Menurut Syafii, tim SAR harus melakukan proses ekstrikasi atau tindakan penyelamatan khusus untuk mengeluarkan korban dari bagian kereta yang rusak. Langkah tersebut dilakukan agar korban dapat dievakuasi tanpa menimbulkan cedera yang lebih berat.
Ia juga menjelaskan bahwa lokomotif tidak langsung ditarik bersama gerbong karena masih ada lima korban yang terjepit. Karena itu, tim penyelamat harus memastikan seluruh korban berhasil dikeluarkan terlebih dahulu dengan aman.

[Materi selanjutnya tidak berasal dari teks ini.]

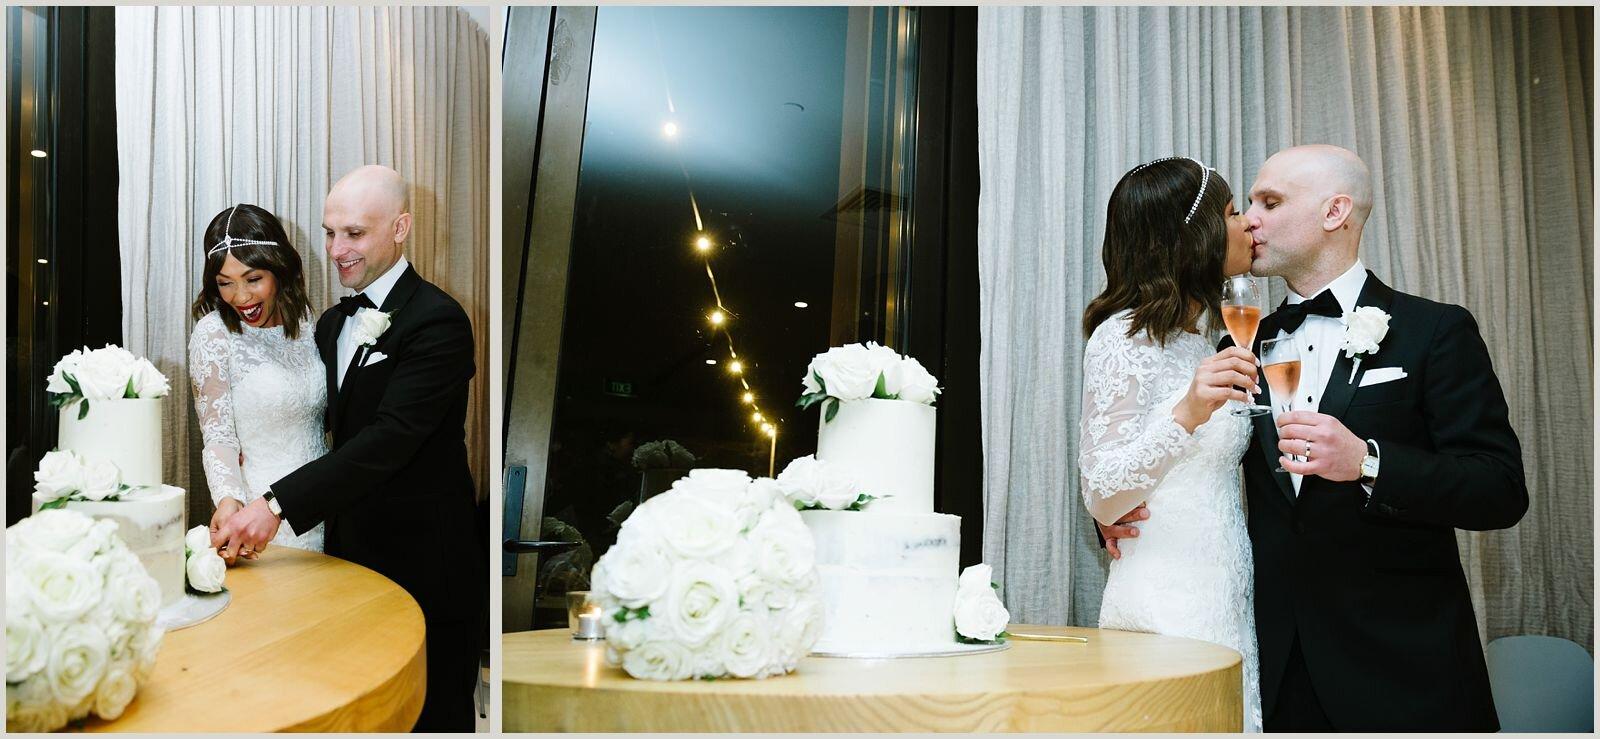 joseph_koprek_wedding_melbourne_the_prince_deck_0077.jpg

“Pada saat itu memang ada lima korban yang masih dalam kondisi terjepit dan harus kita laksanakan kegiatan ekstrikasi, sehingga korban bisa kita selamatkan tanpa menimbulkan dampak yang lebih berat lagi,” kata Syafii di lokasi, Selasa, 28 April 2026.
Syafii menyampaikan apresiasi kepada seluruh unsur yang terlibat dalam proses evakuasi, mulai dari tim SAR gabungan, petugas medis, pihak KAI, hingga pihak lain yang membantu penanganan di lapangan.
Ia memastikan operasi SAR telah selesai pada Selasa pagi sekitar pukul 08.00 WIB. Setelah seluruh korban berhasil dievakuasi, tim SAR kemudian dikembalikan ke satuan masing-masing.
Direktur Utama PT KAI, Bobby Rasyidin, juga menyampaikan bahwa evakuasi terhadap KA Argo Bromo Anggrek telah dilakukan sepenuhnya. Lokomotif juga sudah berhasil dilepaskan dari rangkaian terakhir KRL yang terdampak.
“Evakuasi dari Kereta Argo Anggrek sudah kami bisa lakukan 100 persen. Sekarang lokomotifnya sudah lepas dari rangkaian terakhir KRL yang terdampak,” kata Bobby.
Meski jalur hilir sudah dapat beroperasi kembali, layanan KRL untuk sementara waktu masih dibatasi. Stasiun Bekasi Timur belum melayani naik dan turun penumpang, sementara layanan Commuter Line hanya sampai Stasiun Bekasi.
Peristiwa ini menjadi duka mendalam sekaligus menunjukkan beratnya proses evakuasi dalam kecelakaan kereta, terutama ketika korban masih terjepit di dalam gerbong yang rusak parah.(æ/red)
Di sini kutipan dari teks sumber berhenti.